Charles François Lhomond (/fr/; 1727 – December 31, 1794) was a French priest, grammarian, and educator who was a native of Chaulnes, Somme.

He attended classes at the Collège d'Inville in Paris, where he subsequently became dean of the school. Later on, he spent twenty years as an educator at the Collège du Cardinal-Lemoine in the Latin Quarter of Paris, and afterwards was professor emeritus at the University of Paris.

Lhomond made contributions in the field of education, being the author of several works on grammar, Roman history and religious history.
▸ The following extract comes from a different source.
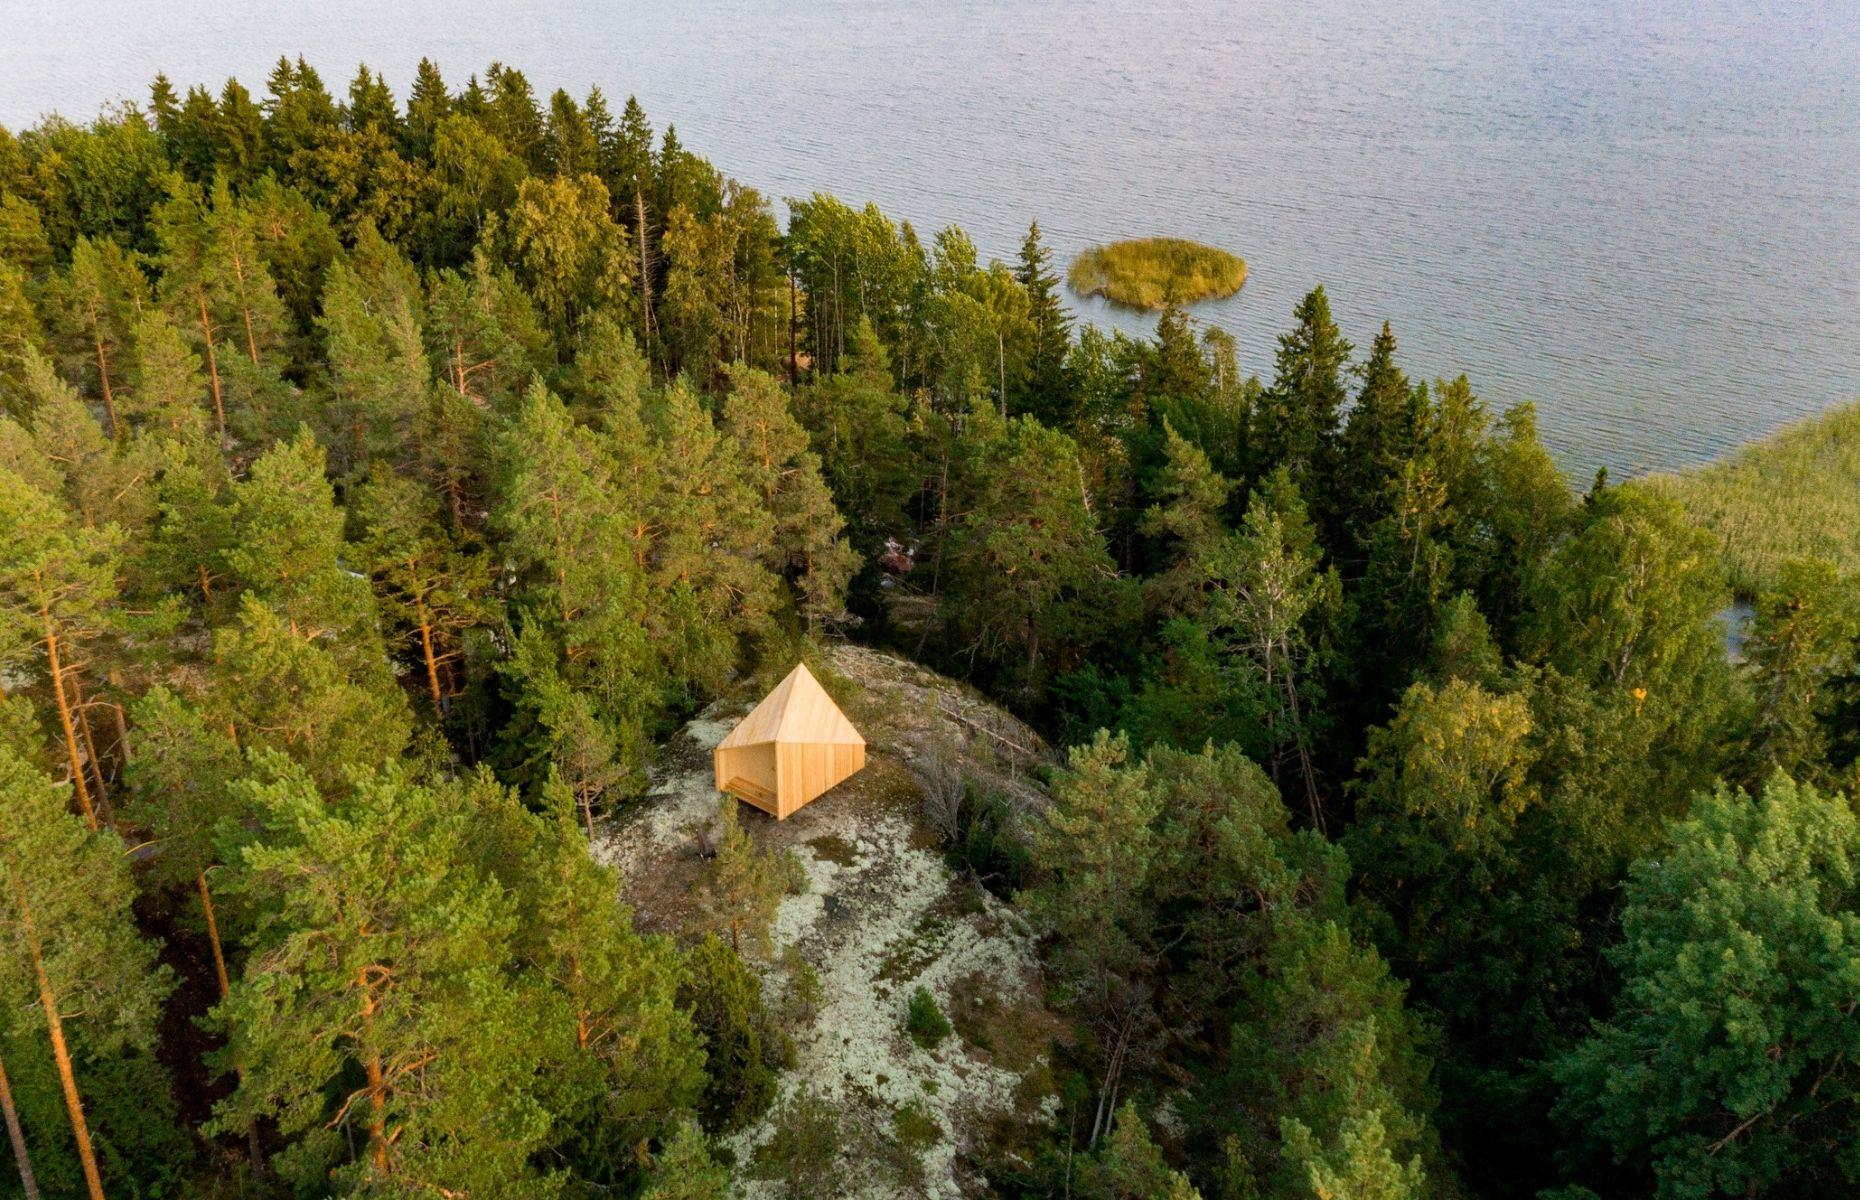 <p>The Space of Mind modular cabin was initially developed in response to the Coronavirus crisis. With people spending more time at home, the architects at <a href="https://studiopuisto.fi/fi/">Studio Puisto</a> in Finland wanted to create a movable cabin that would redefine the idea of a home away from home. The team wanted the property to be adaptable, practical and suitable for almost any location, whether installed in a backyard or a forest clearing.</p>

His textbook from 1779, De viris illustribus urbis Romae a Romulo ad Augustum, was still used in the 20th century by French students learning Roman history and Latin.

Other works by Lhomond include:
- Élémens de la grammaire françoise (Basics of French Grammar, 1771)
- Élémens de la grammaire latine (Basics of Latin Grammar, 1779)
- Epitome historiæ sacræ (Summary of Sacred History, 1784)
- Histoire abrégée de l'Église (Abridged History of the Church)
- Histoire abrégée de la religion avant la venue de Jésus-Christ (Abridged History of Religion Prior to the Arrival of Jesus Christ)

In 1792 he was jailed for refusing to swear allegiance to the Civil Constitution of the Clergy, but was released shortly afterwards through intervention by Jean-Lambert Tallien (1767–1820), a former student of his at Collège du Cardinal-Lemoine. A statue of Lhomond by French sculptor Eugène-Louis Lequesne stands in his home town of Chaulnes.